═════ Data block ═════

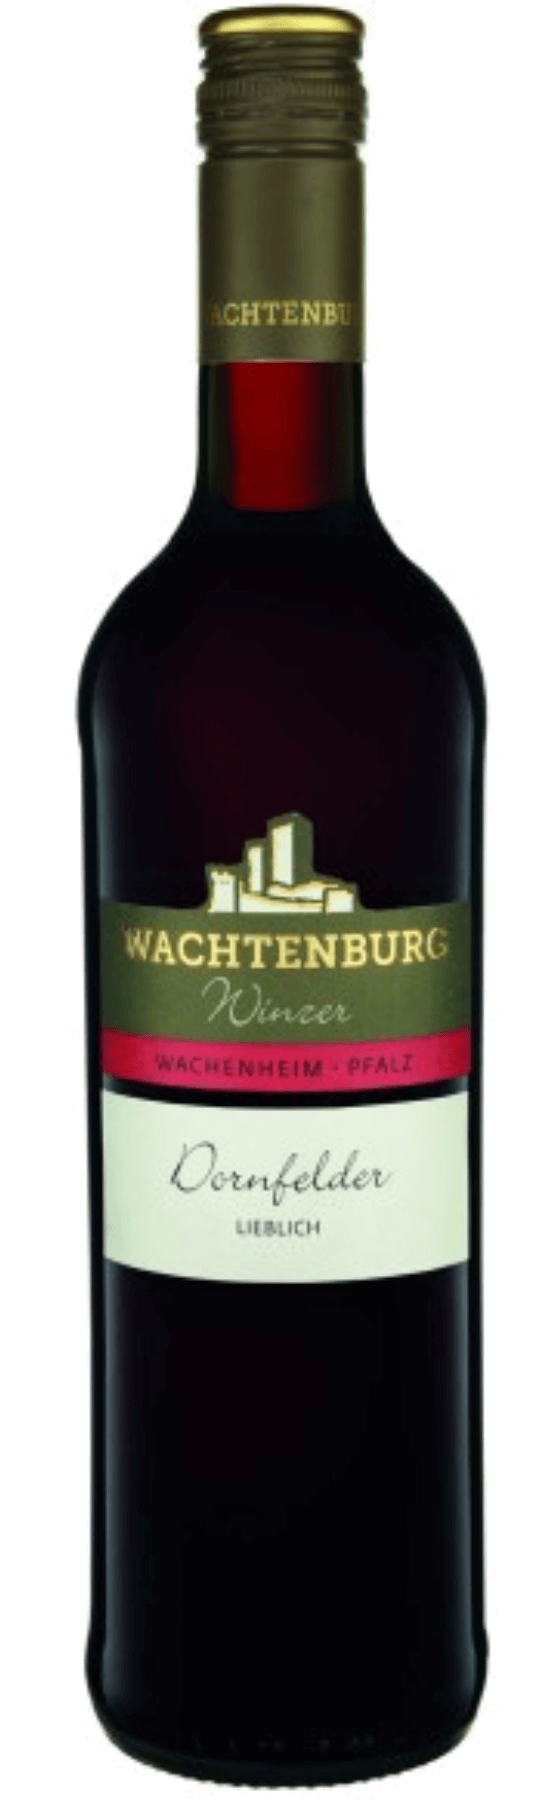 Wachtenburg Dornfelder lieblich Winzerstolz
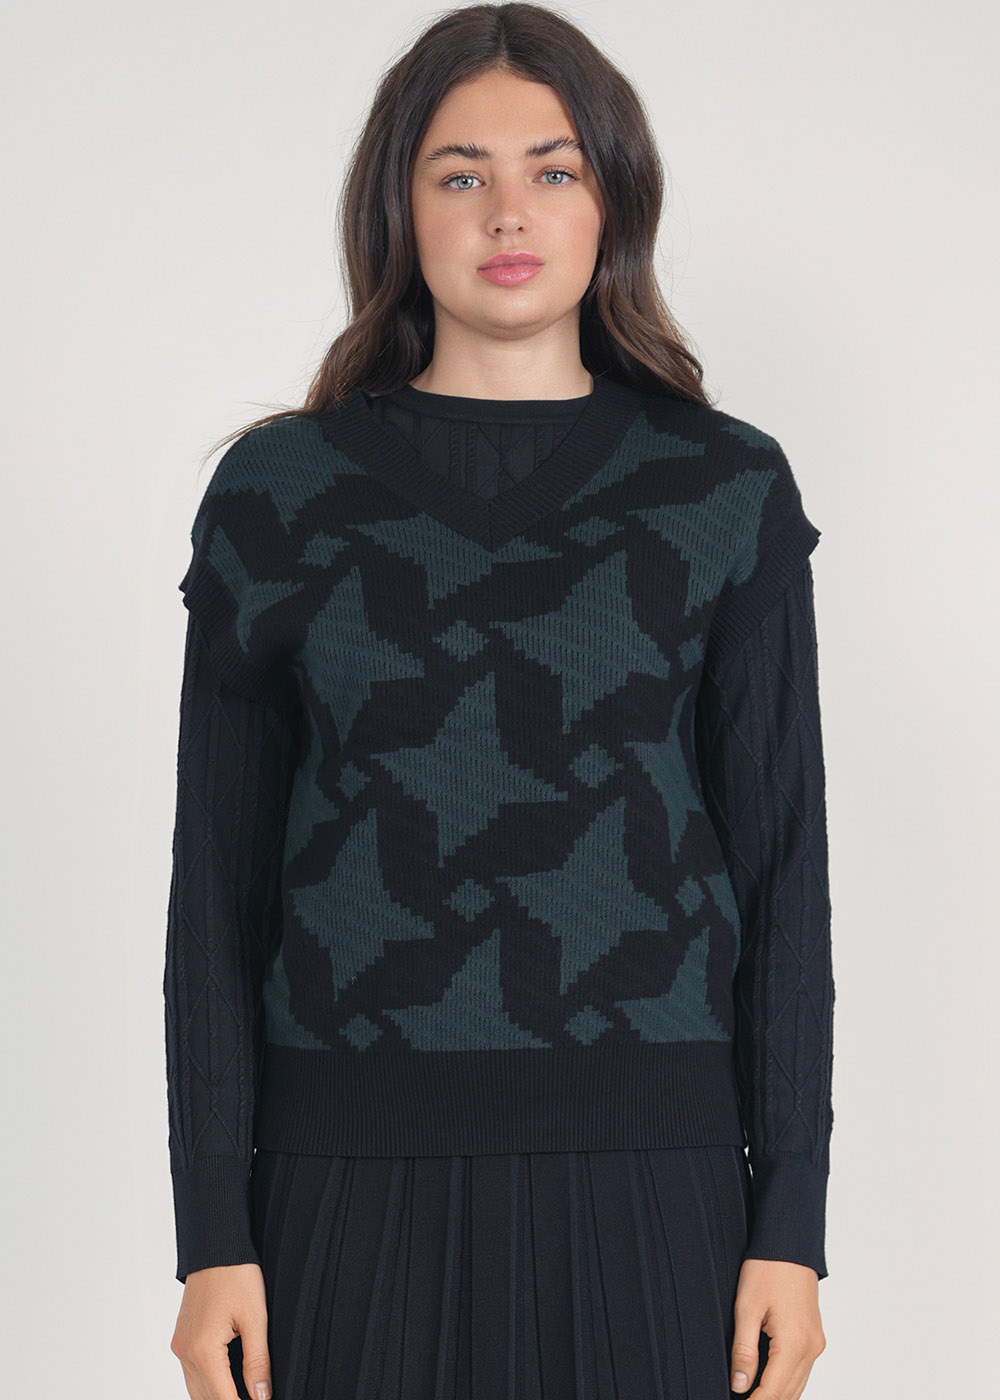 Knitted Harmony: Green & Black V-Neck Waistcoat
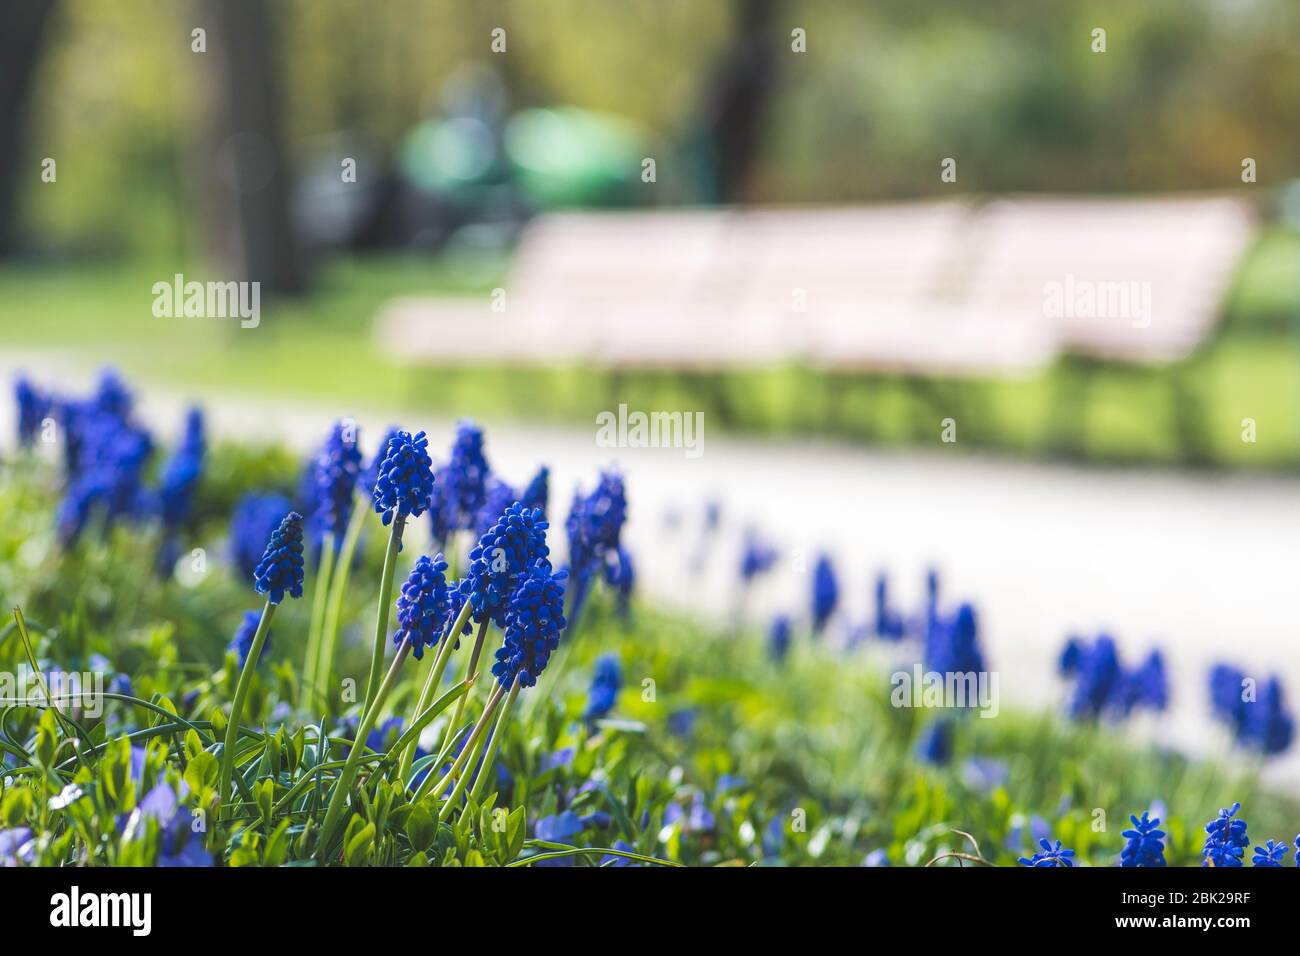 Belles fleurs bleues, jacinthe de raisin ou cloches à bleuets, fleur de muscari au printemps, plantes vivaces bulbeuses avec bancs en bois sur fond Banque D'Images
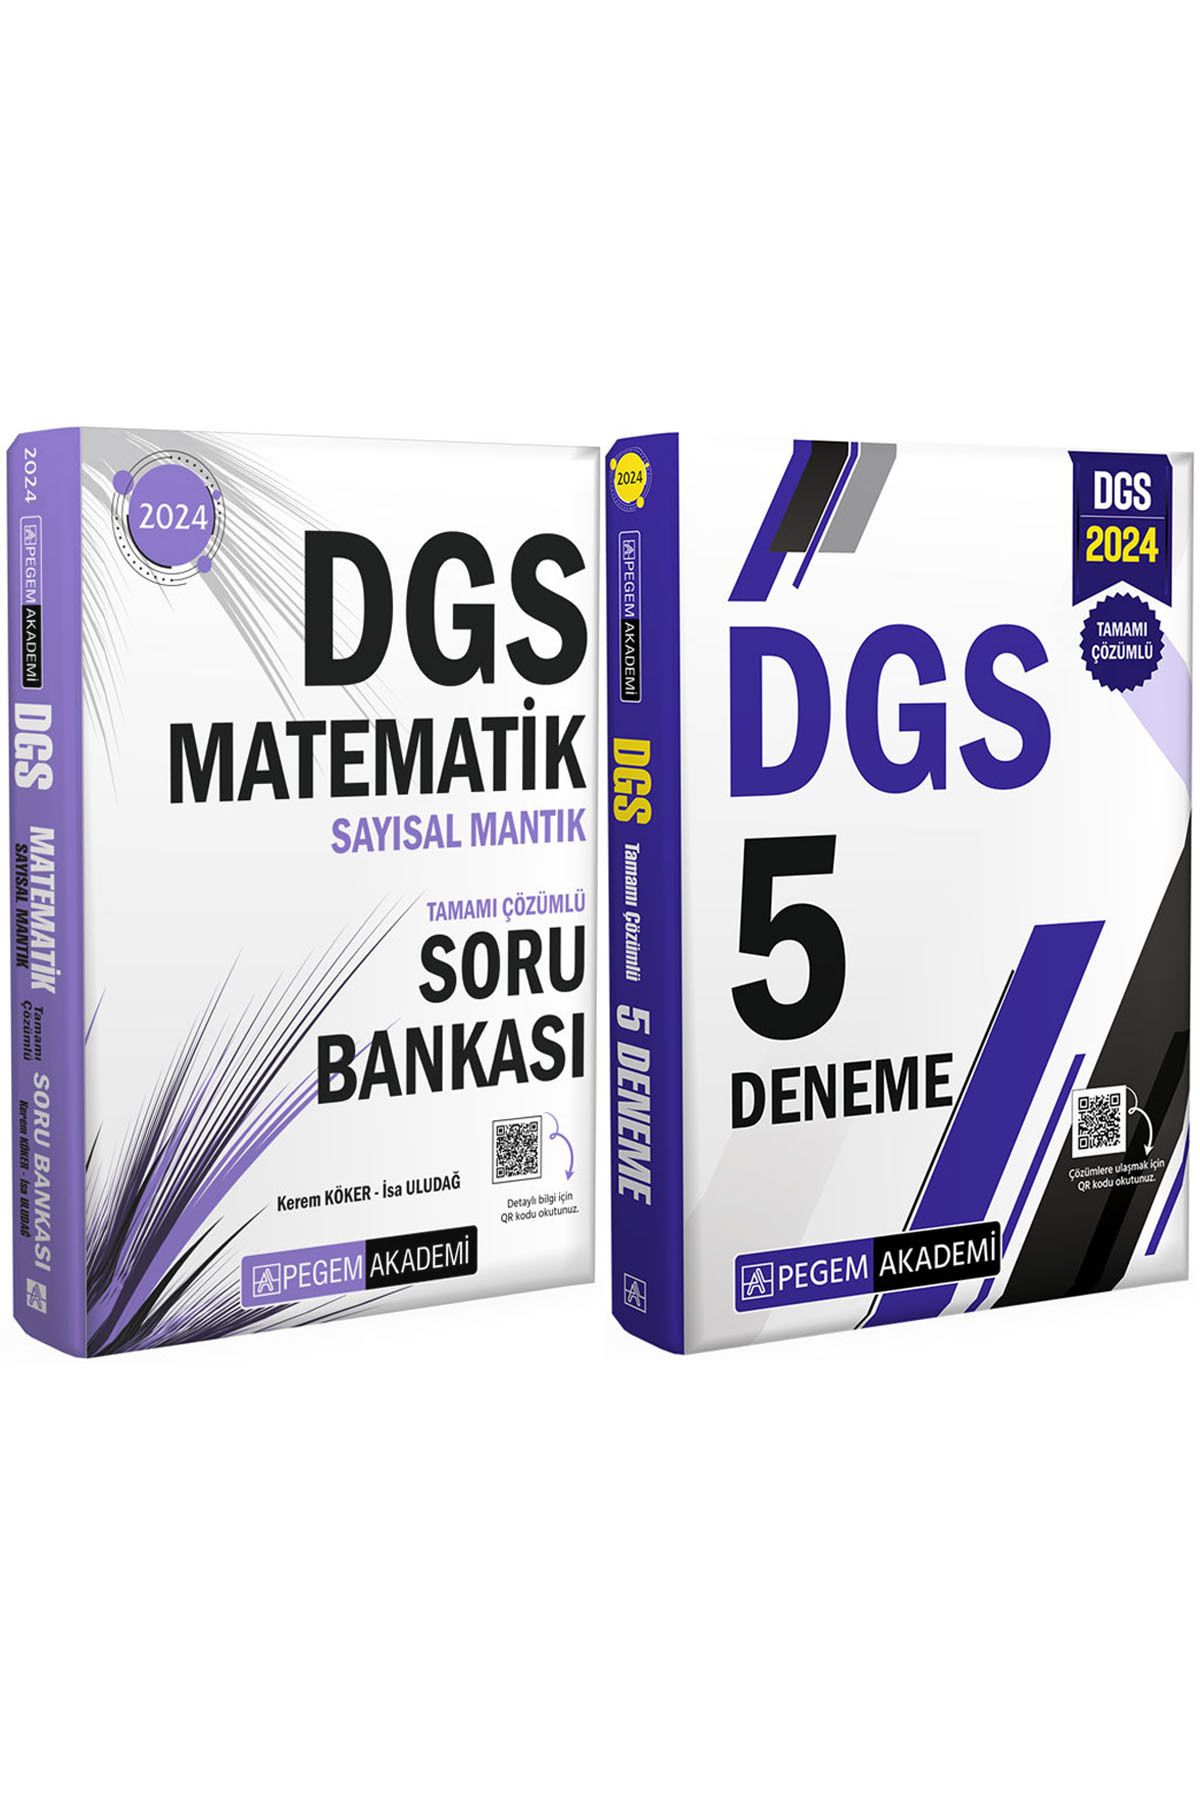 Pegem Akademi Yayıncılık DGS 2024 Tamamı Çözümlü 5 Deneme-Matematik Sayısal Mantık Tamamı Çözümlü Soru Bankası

═════

[Problem to work on] Reproduce the data word for word without its images.

[Finished exercise]
 Wachtenburg Dornfelder lieblich Winzerstolz
 Knitted Harmony: Green & Black V-Neck Waistcoat
 Belles fleurs bleues, jacinthe de raisin ou cloches à bleuets, fleur de muscari au printemps, plantes vivaces bulbeuses avec bancs en bois sur fond Banque D'Images
 Pegem Akademi Yayıncılık DGS 2024 Tamamı Çözümlü 5 Deneme-Matematik Sayısal Mantık Tamamı Çözümlü Soru Bankası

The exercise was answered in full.